Читаем Без приглашения полностью

— Острая, злоязычная, решительная, темпераментная… Пожалуй, даже образованная — но милая?! Стеснительная?! Вы в ней ничего не поняли. Я слышал ее откровения. Слышал ее поэтический экспромт стихотворного перевода с киргизского… Но…

— С огорчением понимаю, что вы против ее перевода.

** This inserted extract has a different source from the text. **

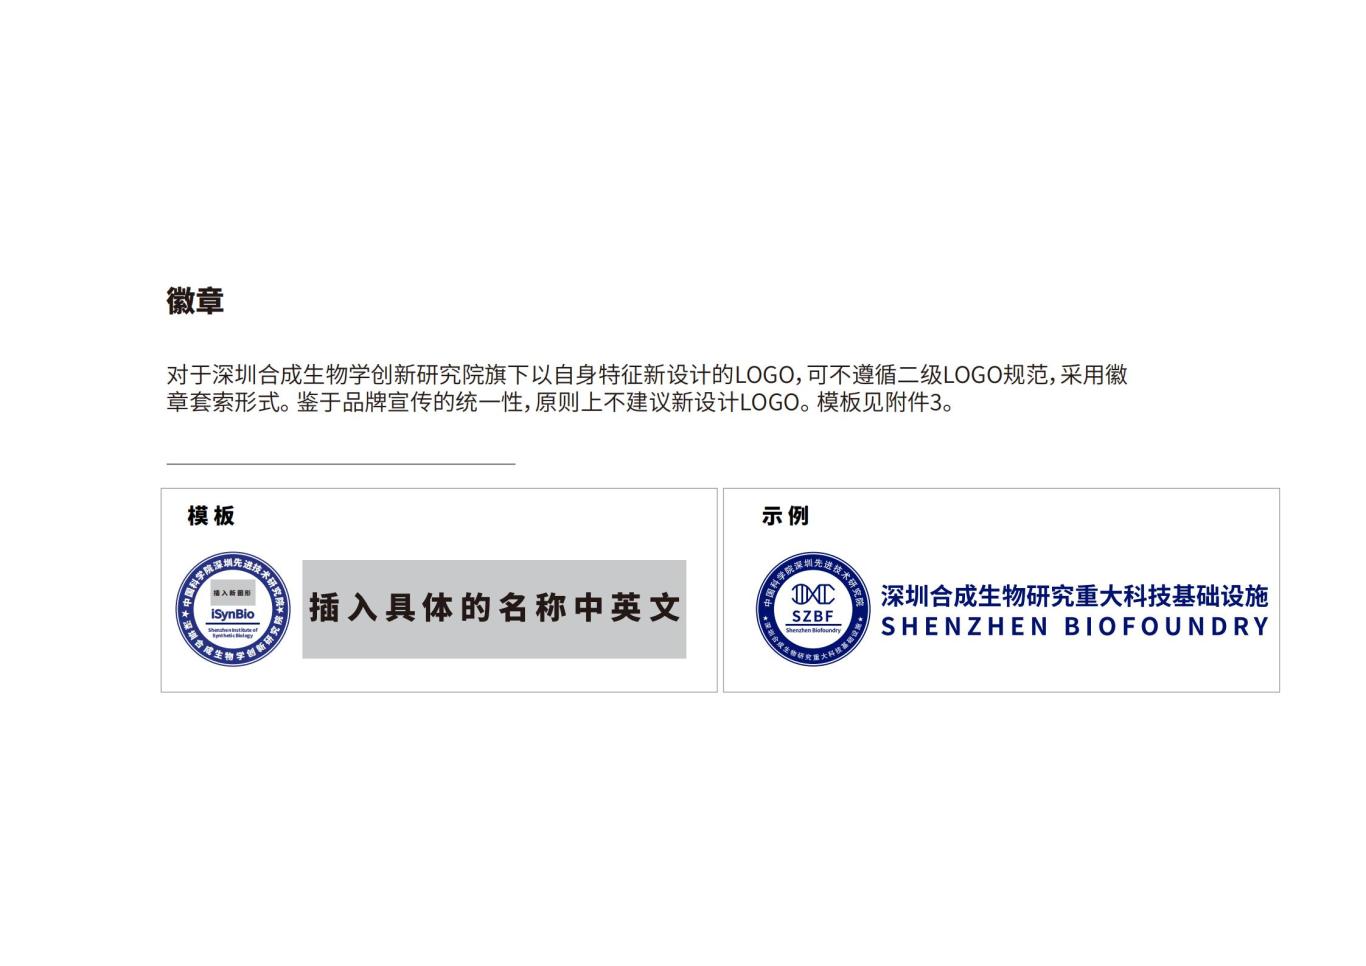 深圳合成生物学创新研究院品牌设计规范图21

— Да нет же, нет! Я в полной растерянности…

— Все равно, обещайте во что бы то ни стало ее найти. Обещаете? Слишком все это серьезно. Кроме того… — Он вдруг осекся, заговорил вполголоса: — Пришел один человек.

— Амина?

— Нет.

— Рыжий?

— Вот именно. Он, судя по всему, крайне возбужден. Ну, я ему выдам! Бог мой, да их двое. Он пришел с братом. Его брат художник. Господи, прости меня и помилуй.

— Брат той же масти?

— Точь-в-точь. Ну, пока жду вас. В понедельник. Обязательно!.. В девять тридцать. Все понятно?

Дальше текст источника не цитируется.